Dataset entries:
****

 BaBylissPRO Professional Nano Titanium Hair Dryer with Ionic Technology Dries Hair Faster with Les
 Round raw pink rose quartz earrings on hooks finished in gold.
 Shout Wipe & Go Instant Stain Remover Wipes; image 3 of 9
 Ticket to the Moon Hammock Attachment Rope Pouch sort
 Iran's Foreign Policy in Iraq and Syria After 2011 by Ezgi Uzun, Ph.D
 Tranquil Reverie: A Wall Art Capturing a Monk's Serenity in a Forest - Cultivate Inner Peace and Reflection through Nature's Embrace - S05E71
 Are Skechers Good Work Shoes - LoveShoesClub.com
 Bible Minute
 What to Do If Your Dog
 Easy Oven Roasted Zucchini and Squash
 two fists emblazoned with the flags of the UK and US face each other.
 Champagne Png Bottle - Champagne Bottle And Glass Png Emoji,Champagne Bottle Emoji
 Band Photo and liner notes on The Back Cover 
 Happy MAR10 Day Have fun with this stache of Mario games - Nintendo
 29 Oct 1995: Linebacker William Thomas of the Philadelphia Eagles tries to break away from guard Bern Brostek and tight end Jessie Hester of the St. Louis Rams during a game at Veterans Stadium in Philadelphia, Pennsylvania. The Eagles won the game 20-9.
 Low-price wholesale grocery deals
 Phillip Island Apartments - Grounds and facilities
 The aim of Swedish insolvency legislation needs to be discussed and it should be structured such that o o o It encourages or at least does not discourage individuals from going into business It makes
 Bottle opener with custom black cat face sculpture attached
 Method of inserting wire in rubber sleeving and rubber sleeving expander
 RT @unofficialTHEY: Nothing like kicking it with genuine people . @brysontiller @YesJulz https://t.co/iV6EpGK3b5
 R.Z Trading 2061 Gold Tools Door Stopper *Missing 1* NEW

****

WHAT TO DO → Your answer must consist solely of the lines above between the line holding "Champagne Png Bottle" and the line holding "Happy MAR10 Day", inclusive, copied exactly.

PROBLEM SOLUTION →
 Champagne Png Bottle - Champagne Bottle And Glass Png Emoji,Champagne Bottle Emoji
 Band Photo and liner notes on The Back Cover 
 Happy MAR10 Day Have fun with this stache of Mario games - Nintendo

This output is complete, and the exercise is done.